### WORK TO COMPLETE
With the pictures removed, the data below must be transcribed in full and exactly.

### COLLECTED DATA
================
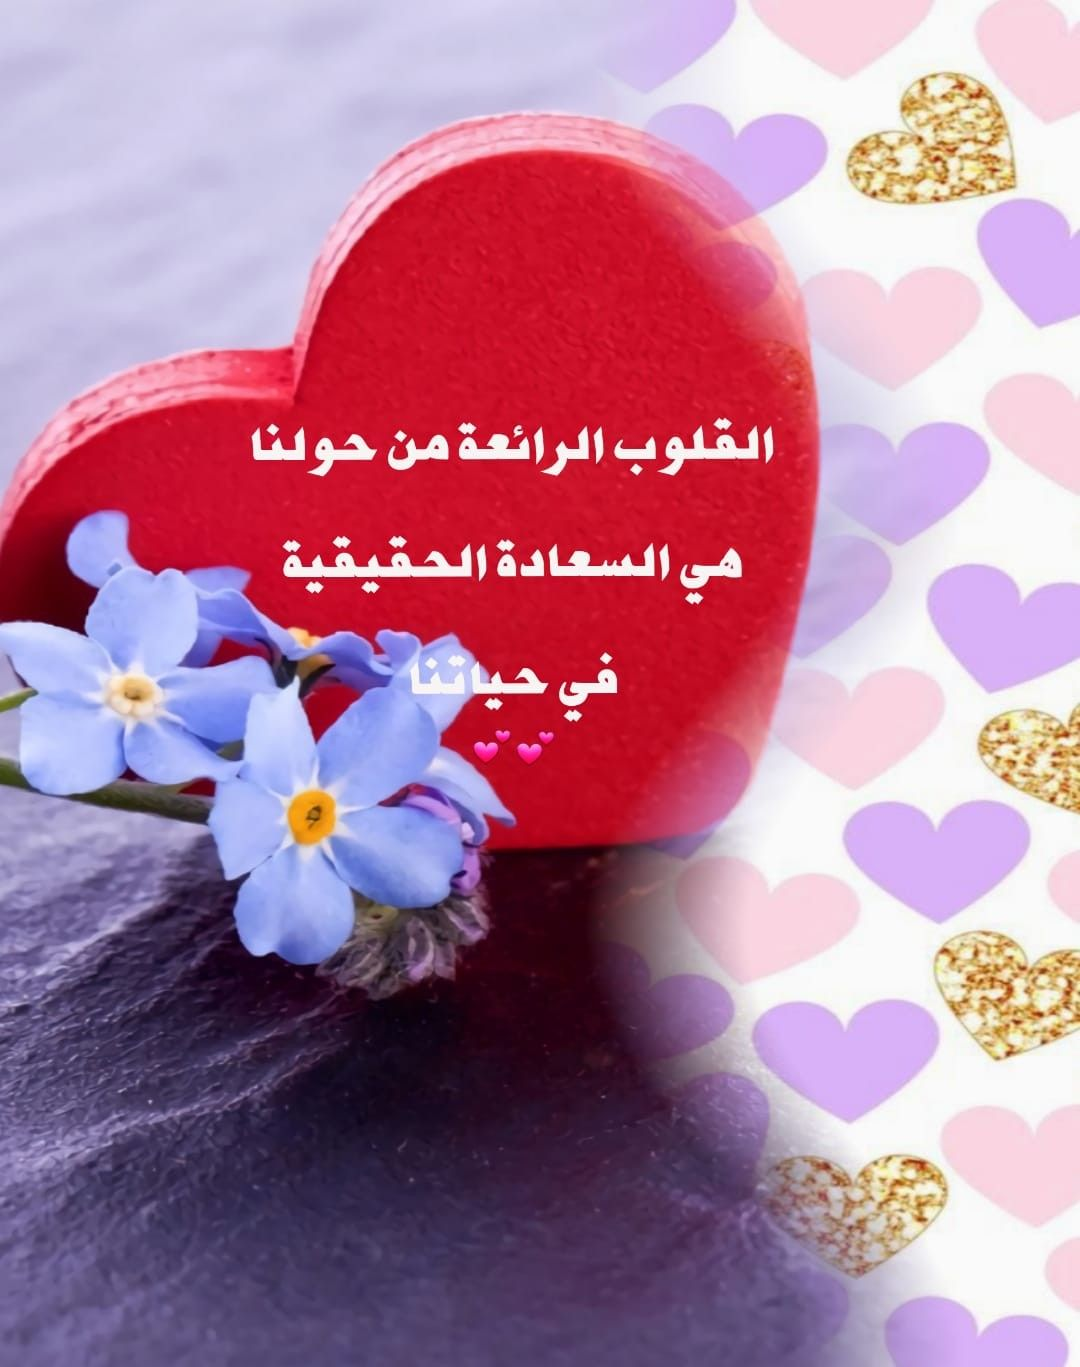 Pin By Eman Duniya On عربي رسائل من تصميمي Enamel Pins Enamel Pin
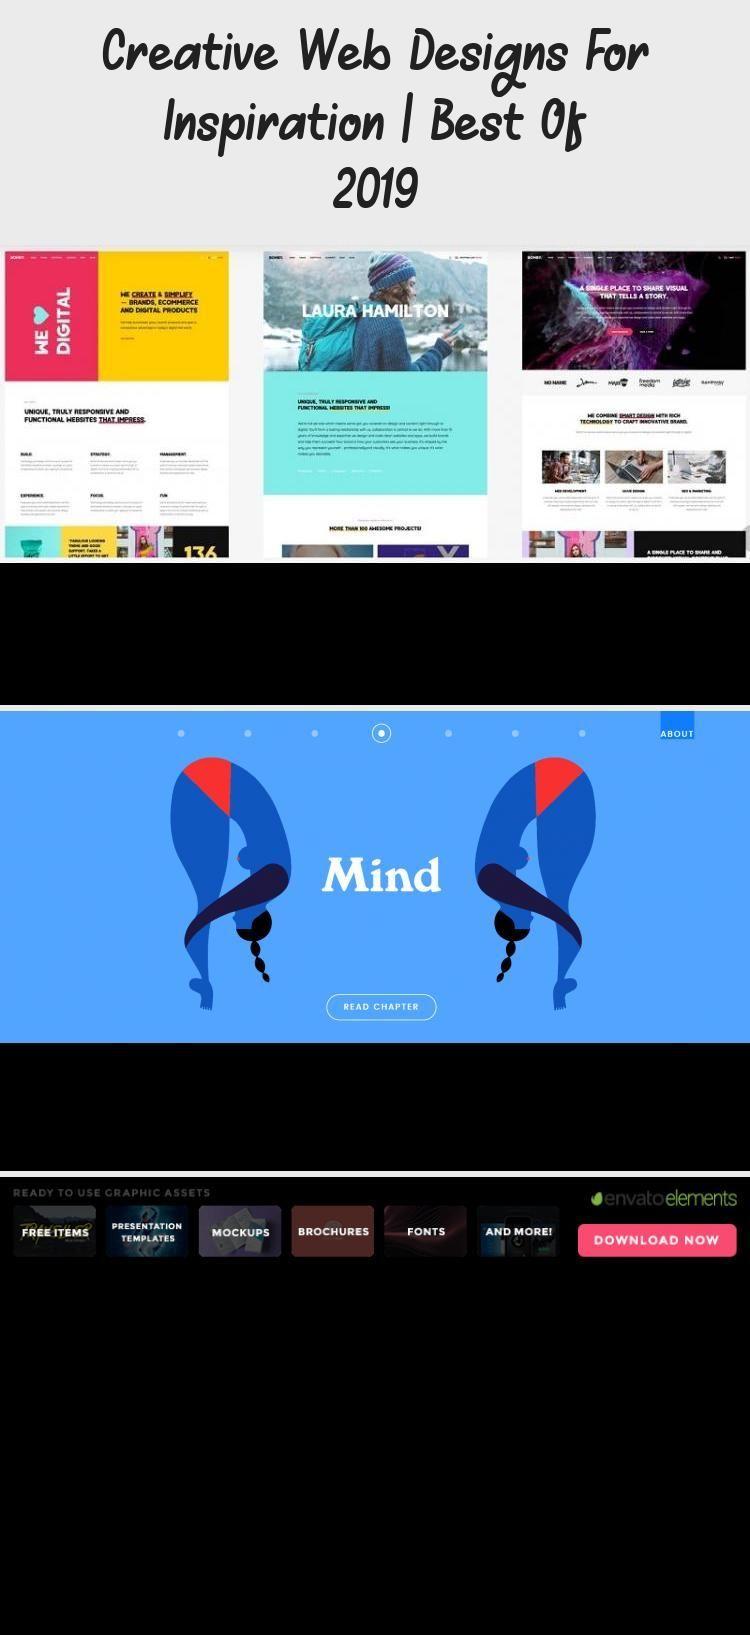 Creative Web Designs For Inspiration Best Of 2019 Design Creative Web Designs For Inspiration Best Of 2017 Webdesigncompany Creativewebdesign We En 2020 Blog
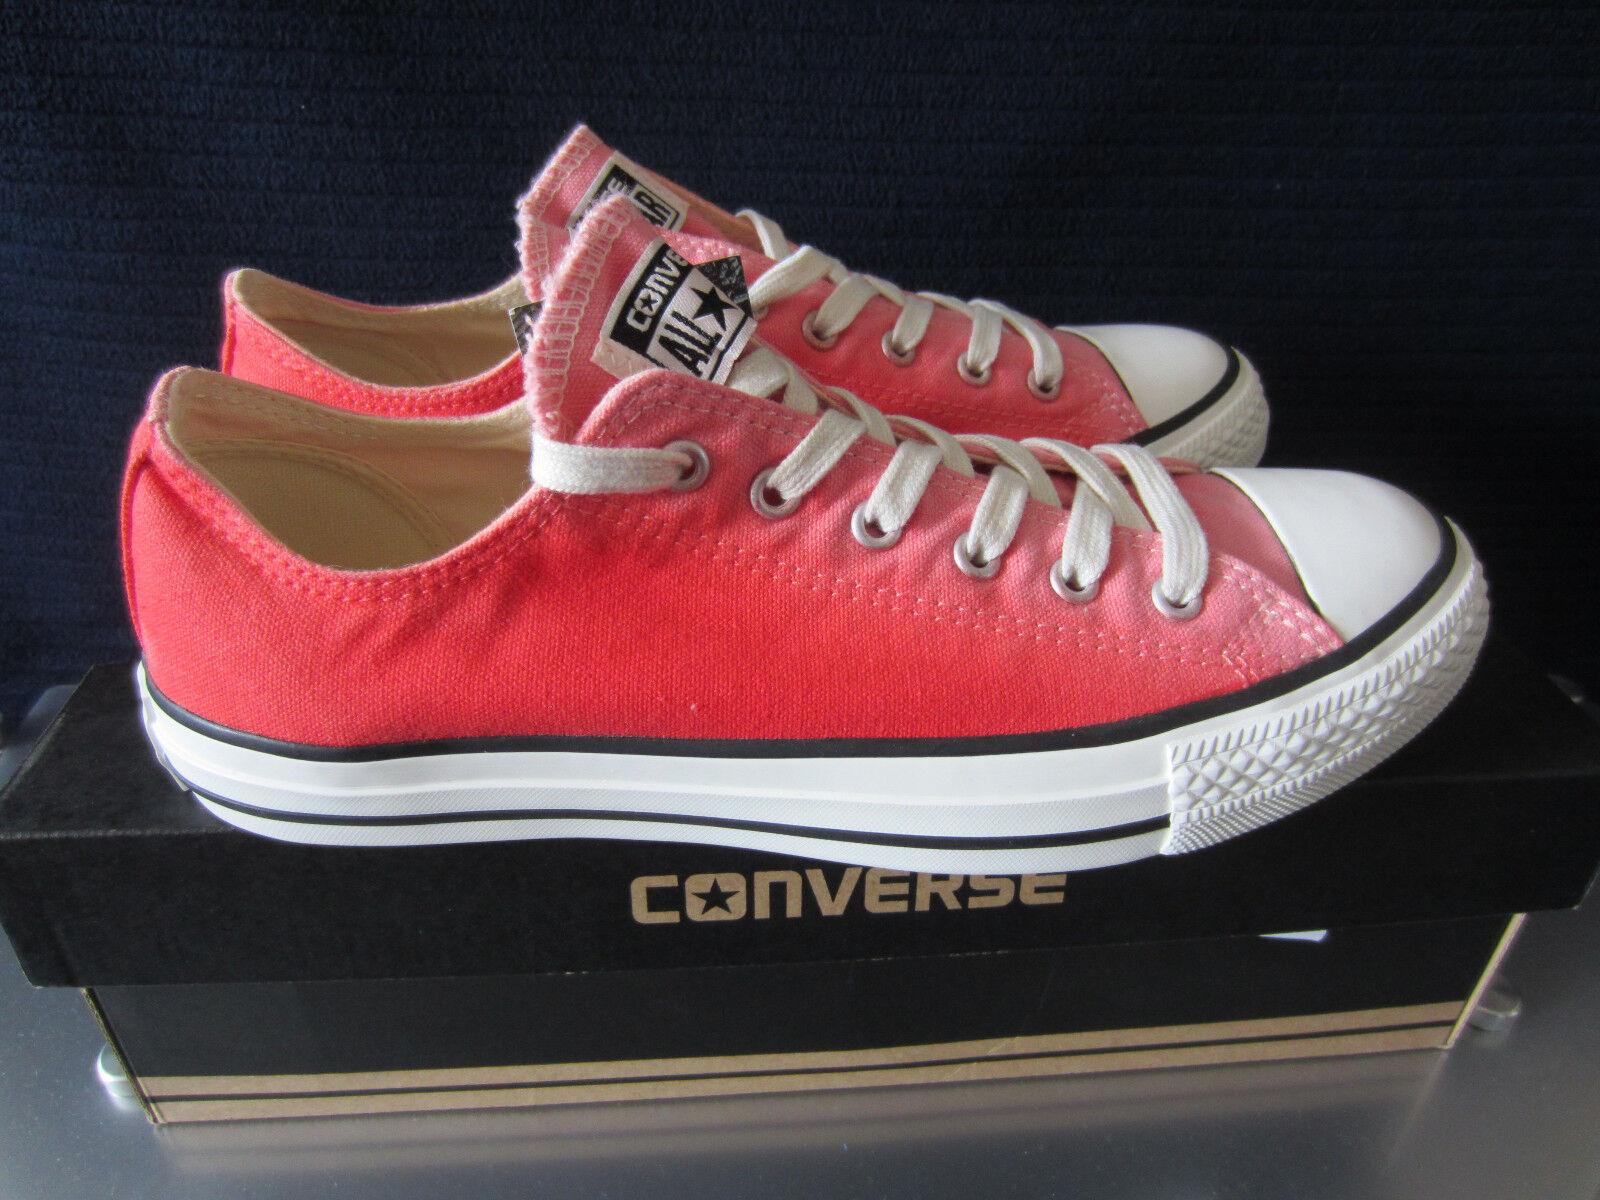 Converse Converse Converse CHUCK TAYLOR ALL STAR 151266C CTAS OX DAYBREA Sneakers Gr.38. NEU OVP fbc2ca
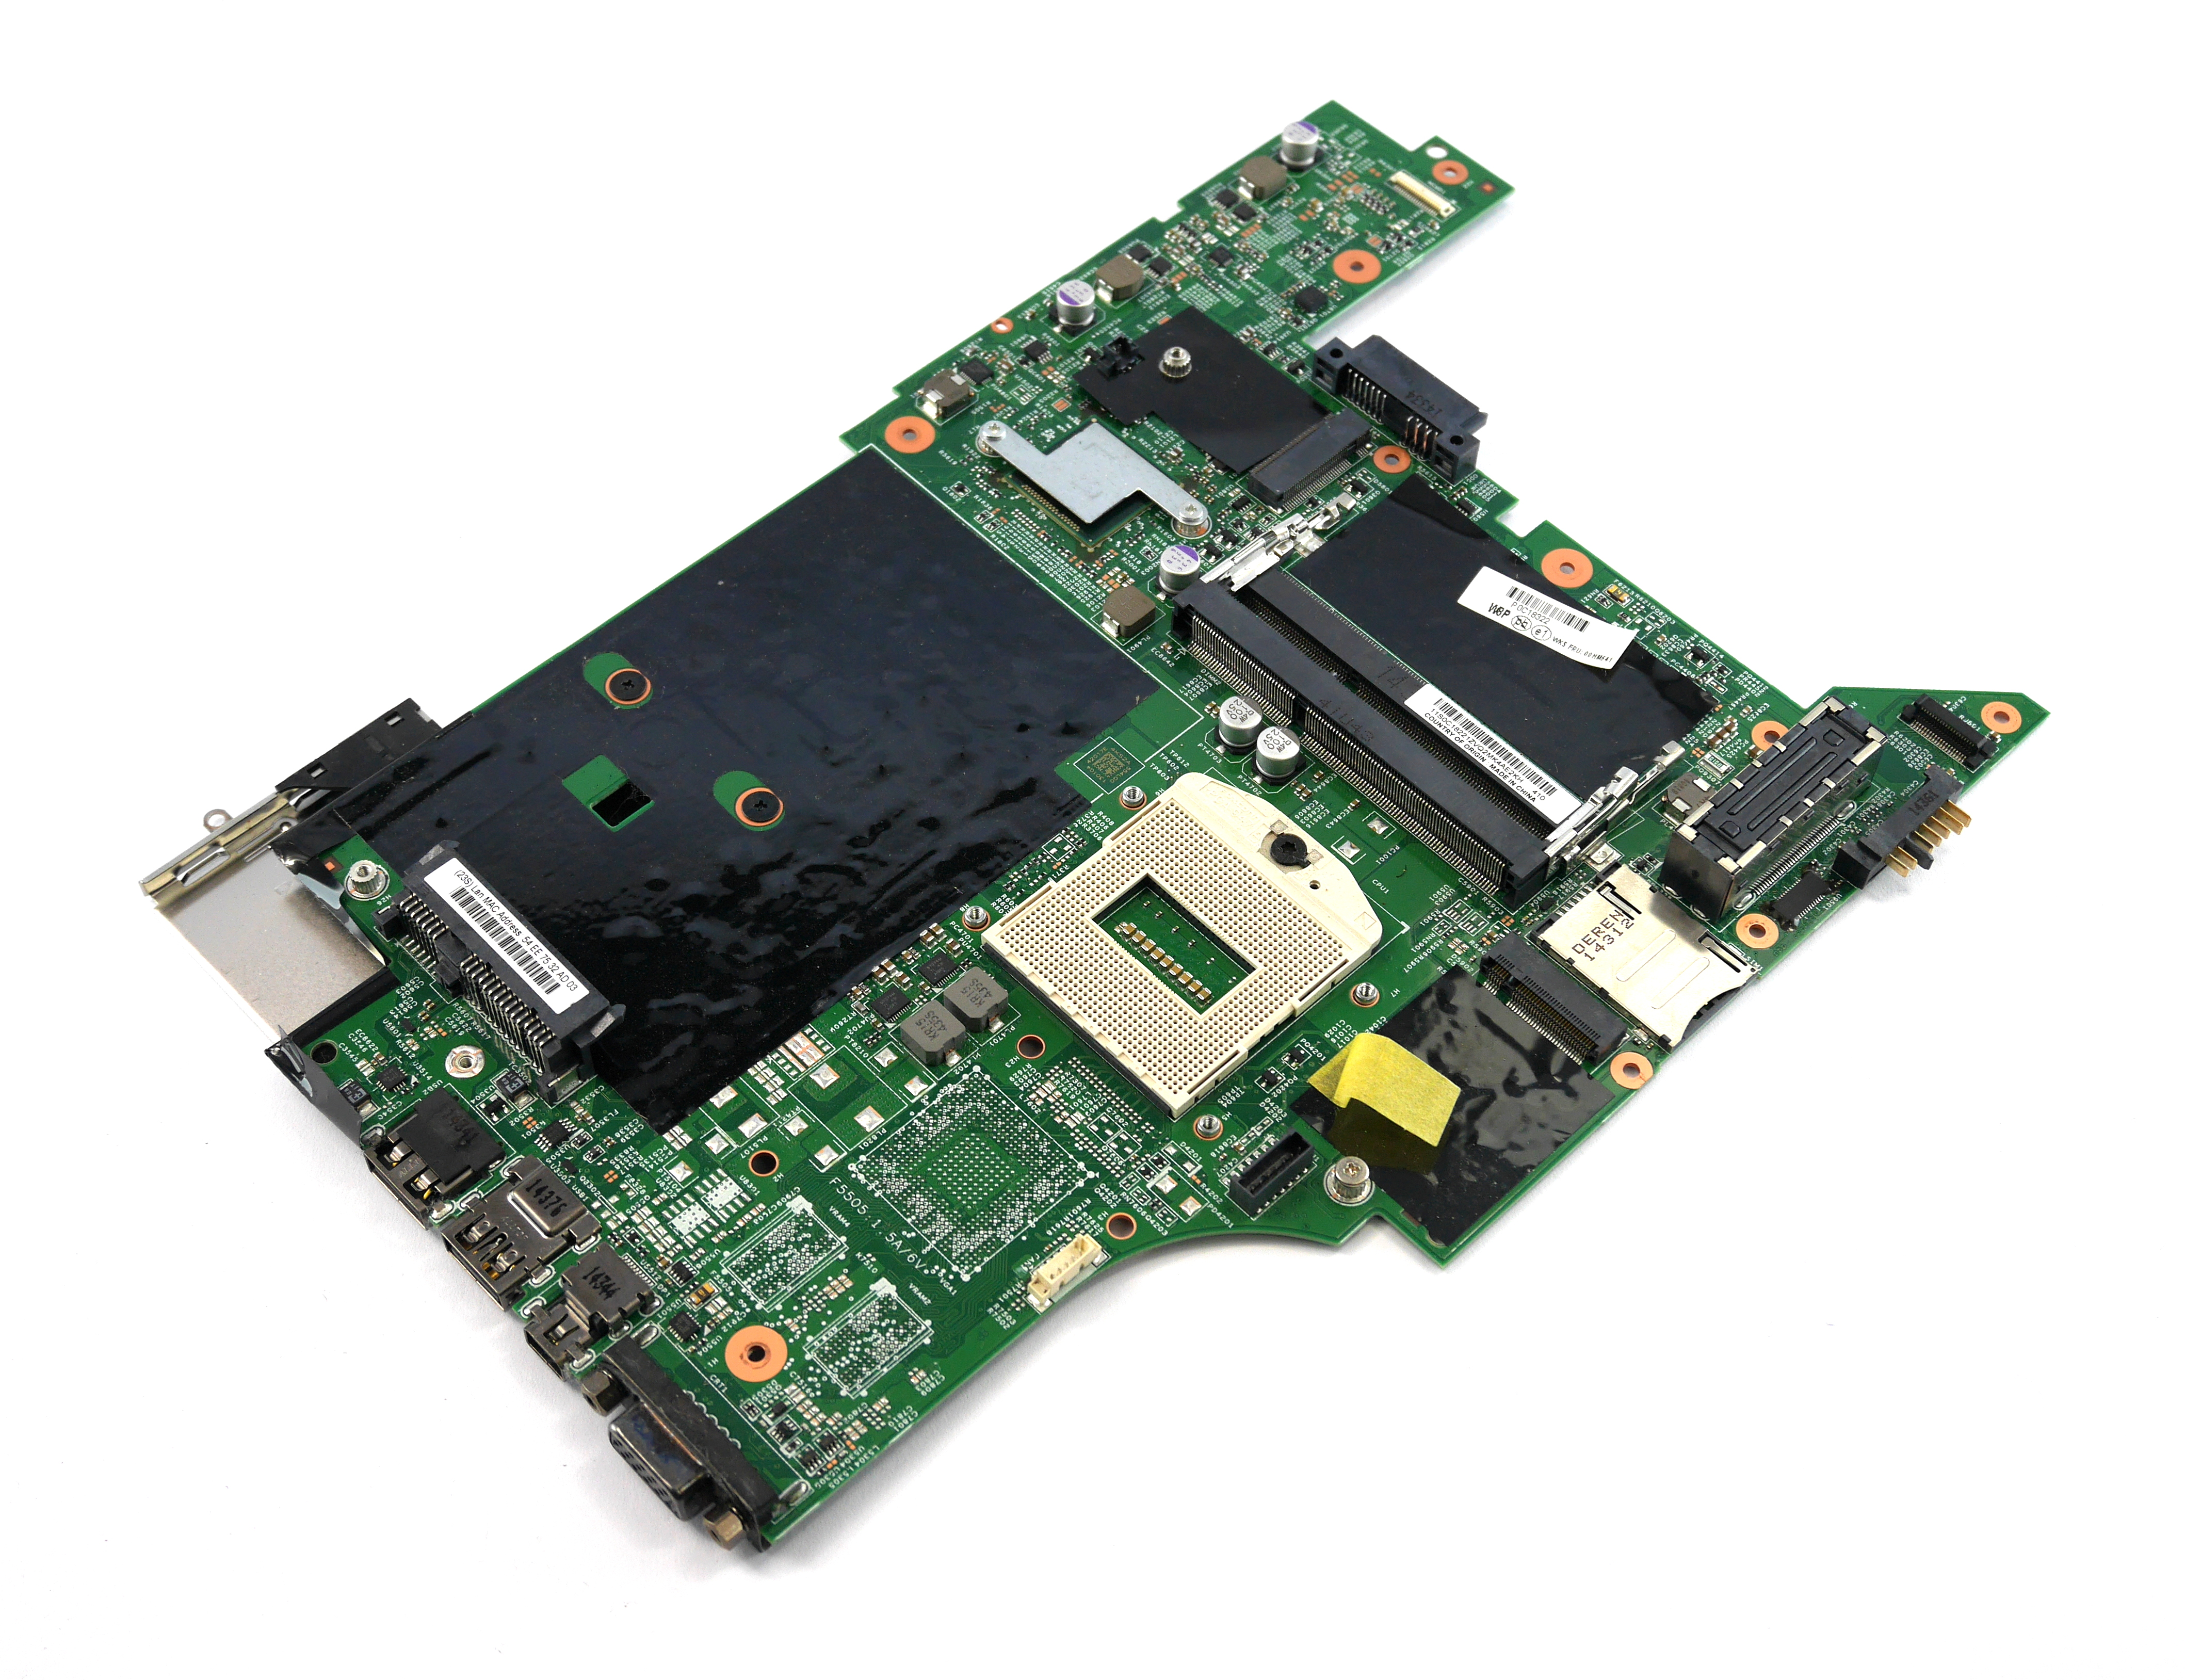 Lenovo 00HM641 ThinkPad L440 Laptop Motherboard
================
### WRITTEN REPLY
 Pin By Eman Duniya On عربي رسائل من تصميمي Enamel Pins Enamel Pin
 Creative Web Designs For Inspiration Best Of 2019 Design Creative Web Designs For Inspiration Best Of 2017 Webdesigncompany Creativewebdesign We En 2020 Blog
 Converse Converse Converse CHUCK TAYLOR ALL STAR 151266C CTAS OX DAYBREA Sneakers Gr.38. NEU OVP fbc2ca
 Lenovo 00HM641 ThinkPad L440 Laptop Motherboard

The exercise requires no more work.